(Stored dataset items)
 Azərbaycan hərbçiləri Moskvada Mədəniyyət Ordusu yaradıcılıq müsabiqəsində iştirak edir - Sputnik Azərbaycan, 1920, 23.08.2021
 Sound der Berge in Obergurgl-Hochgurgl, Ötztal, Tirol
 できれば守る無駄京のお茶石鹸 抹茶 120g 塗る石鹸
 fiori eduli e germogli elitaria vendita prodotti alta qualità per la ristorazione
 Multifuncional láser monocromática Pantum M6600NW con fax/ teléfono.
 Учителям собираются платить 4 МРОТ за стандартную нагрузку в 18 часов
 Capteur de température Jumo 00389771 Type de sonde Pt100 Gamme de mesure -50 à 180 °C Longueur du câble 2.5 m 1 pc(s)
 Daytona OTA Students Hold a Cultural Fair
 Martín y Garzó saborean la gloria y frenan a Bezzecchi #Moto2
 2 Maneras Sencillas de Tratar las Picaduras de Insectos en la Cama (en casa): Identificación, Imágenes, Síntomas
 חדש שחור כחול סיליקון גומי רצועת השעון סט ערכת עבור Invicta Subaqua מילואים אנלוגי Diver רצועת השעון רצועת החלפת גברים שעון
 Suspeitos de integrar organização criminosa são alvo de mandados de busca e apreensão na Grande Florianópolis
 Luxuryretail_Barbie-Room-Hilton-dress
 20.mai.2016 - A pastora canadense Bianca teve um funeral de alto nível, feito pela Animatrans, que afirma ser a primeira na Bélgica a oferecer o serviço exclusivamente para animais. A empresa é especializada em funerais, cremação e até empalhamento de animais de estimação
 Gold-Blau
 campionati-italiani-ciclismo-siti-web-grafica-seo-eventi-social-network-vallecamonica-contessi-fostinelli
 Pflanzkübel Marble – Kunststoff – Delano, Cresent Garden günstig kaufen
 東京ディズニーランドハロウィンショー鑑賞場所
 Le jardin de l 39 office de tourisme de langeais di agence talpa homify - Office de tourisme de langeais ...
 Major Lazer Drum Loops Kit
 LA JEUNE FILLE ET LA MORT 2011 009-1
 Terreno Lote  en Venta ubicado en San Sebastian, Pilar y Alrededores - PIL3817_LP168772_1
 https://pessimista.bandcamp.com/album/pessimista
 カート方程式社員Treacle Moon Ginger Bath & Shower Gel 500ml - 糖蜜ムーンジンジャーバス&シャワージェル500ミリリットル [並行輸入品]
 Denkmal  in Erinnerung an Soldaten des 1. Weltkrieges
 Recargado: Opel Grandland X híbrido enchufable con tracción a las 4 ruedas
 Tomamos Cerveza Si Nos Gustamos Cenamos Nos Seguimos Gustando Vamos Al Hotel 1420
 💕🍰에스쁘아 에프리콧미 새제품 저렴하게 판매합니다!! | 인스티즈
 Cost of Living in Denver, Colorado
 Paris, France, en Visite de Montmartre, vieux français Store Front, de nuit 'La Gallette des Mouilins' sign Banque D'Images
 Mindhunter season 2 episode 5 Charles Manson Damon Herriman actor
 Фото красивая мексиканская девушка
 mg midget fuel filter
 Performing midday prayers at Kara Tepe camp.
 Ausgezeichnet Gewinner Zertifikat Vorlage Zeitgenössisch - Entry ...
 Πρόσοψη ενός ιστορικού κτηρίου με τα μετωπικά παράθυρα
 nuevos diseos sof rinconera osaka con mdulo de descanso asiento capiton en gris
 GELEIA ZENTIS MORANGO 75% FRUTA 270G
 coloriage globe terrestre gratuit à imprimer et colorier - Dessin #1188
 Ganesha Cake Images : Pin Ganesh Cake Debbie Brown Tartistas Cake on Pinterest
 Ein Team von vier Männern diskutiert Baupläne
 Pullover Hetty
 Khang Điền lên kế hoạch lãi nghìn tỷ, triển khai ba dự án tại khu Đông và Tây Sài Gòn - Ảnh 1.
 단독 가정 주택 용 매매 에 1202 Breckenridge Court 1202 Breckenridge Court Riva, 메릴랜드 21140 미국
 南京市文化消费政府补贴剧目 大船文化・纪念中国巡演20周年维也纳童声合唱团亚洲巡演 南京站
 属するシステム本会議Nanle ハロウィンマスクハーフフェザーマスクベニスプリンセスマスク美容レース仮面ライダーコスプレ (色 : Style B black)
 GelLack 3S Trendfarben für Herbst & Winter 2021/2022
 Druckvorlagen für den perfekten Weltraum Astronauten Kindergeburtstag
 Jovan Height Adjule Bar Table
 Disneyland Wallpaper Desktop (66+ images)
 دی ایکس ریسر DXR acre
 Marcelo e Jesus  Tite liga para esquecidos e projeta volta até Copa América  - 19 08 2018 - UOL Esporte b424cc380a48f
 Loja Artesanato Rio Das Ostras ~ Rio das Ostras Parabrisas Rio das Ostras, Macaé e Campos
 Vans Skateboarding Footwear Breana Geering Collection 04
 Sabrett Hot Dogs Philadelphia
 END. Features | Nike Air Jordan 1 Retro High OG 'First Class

Aim of the task: Write out exactly the lines that fall from the line with "دی ایکس ریسر DXR acre" to the line with "Vans Skateboarding Footwear" in the records above, keeping both ends.

Reply to the task:
 دی ایکس ریسر DXR acre
 Marcelo e Jesus  Tite liga para esquecidos e projeta volta até Copa América  - 19 08 2018 - UOL Esporte b424cc380a48f
 Loja Artesanato Rio Das Ostras ~ Rio das Ostras Parabrisas Rio das Ostras, Macaé e Campos
 Vans Skateboarding Footwear Breana Geering Collection 04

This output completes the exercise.